• [Excerpted data]:
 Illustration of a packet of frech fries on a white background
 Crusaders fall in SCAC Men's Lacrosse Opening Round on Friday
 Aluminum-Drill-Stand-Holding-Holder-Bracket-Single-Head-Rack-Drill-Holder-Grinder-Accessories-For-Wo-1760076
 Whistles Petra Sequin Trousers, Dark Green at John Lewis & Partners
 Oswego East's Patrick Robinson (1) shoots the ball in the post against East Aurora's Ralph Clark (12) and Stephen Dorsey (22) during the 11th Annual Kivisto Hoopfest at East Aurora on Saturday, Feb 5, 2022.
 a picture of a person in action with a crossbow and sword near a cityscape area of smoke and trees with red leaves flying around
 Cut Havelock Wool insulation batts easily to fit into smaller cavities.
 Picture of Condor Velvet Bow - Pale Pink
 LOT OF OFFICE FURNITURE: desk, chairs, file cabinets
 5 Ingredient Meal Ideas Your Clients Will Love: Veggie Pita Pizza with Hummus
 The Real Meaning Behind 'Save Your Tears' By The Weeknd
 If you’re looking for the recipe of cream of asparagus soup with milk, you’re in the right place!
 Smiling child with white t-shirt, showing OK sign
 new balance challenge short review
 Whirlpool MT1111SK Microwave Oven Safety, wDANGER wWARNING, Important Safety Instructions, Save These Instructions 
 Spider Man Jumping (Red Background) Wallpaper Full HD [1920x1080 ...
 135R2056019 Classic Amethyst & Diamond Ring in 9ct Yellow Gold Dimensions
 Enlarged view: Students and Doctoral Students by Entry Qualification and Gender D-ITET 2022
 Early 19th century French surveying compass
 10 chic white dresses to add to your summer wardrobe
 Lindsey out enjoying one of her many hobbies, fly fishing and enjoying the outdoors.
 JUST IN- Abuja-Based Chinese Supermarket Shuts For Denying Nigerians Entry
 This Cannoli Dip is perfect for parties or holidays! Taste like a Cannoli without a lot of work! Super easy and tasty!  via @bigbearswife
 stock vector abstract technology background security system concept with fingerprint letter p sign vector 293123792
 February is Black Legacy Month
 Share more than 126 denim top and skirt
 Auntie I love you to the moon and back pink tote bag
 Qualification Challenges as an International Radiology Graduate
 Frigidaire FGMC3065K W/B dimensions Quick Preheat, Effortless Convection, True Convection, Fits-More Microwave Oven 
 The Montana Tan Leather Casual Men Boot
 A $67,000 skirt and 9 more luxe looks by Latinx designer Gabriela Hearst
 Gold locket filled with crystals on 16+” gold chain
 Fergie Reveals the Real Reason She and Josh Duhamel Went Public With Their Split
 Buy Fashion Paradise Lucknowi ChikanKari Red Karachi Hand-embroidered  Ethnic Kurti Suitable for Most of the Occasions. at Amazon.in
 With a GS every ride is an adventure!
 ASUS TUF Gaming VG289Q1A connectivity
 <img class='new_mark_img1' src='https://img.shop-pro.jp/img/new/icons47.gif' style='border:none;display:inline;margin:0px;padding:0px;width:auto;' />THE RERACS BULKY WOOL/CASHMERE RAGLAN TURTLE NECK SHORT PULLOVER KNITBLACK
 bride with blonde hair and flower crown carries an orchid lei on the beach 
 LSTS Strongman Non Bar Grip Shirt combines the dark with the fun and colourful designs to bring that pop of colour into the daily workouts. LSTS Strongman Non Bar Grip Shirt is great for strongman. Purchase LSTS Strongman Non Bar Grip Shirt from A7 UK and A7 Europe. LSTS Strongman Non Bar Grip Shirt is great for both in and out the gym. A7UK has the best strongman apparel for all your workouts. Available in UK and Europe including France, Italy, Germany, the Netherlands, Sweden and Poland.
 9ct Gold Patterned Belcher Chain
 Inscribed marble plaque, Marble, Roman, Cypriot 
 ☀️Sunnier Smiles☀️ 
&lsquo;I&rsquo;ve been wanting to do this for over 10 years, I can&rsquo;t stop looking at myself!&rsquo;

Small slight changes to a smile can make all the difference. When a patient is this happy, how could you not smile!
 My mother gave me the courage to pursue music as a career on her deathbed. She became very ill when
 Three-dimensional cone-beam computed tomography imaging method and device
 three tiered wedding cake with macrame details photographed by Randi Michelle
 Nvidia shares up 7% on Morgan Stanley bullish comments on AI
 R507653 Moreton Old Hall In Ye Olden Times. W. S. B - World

• [What is needed]:
Whenever the string "skirt" turns up in a line above, copy that line out.

• [Response below]:
 Share more than 126 denim top and skirt
 A $67,000 skirt and 9 more luxe looks by Latinx designer Gabriela Hearst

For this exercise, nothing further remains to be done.